Please copy out the entries below exactly, beginning with the line that contains "A plumber repairing" and ending with the line that contains "Mattel® Actionfigur He-Man", and include nothing outside that span.

■ Materials provided ■
+++

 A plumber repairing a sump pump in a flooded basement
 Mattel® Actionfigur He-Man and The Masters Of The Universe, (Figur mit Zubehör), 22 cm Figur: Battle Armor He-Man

+++

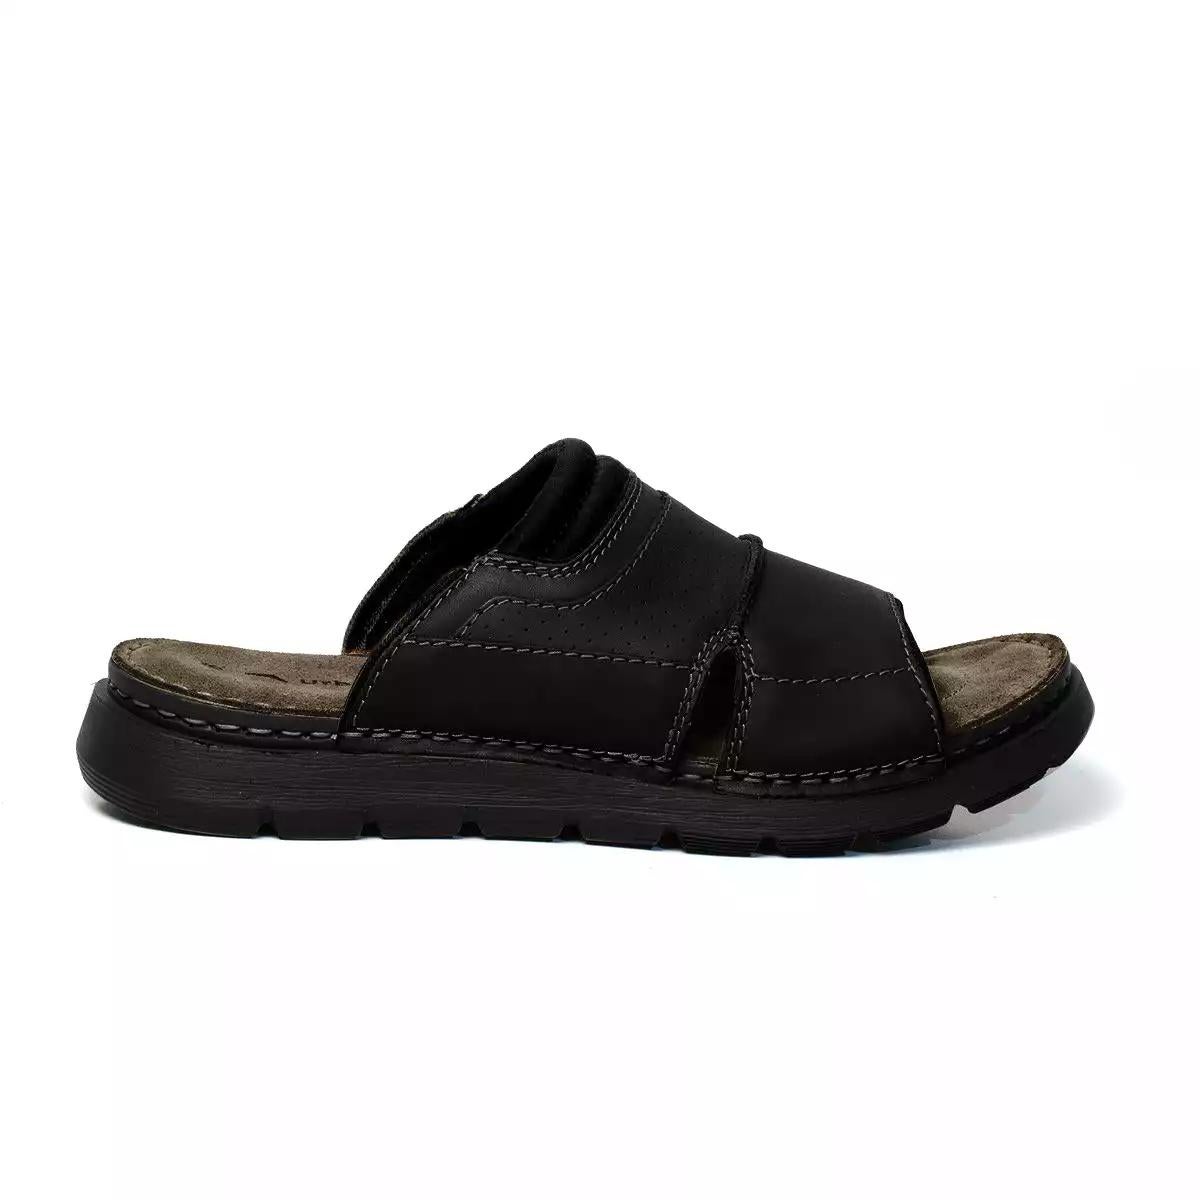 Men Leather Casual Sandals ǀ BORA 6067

+++

■ Exercise response ■
 A plumber repairing a sump pump in a flooded basement
 Mattel® Actionfigur He-Man and The Masters Of The Universe, (Figur mit Zubehör), 22 cm Figur: Battle Armor He-Man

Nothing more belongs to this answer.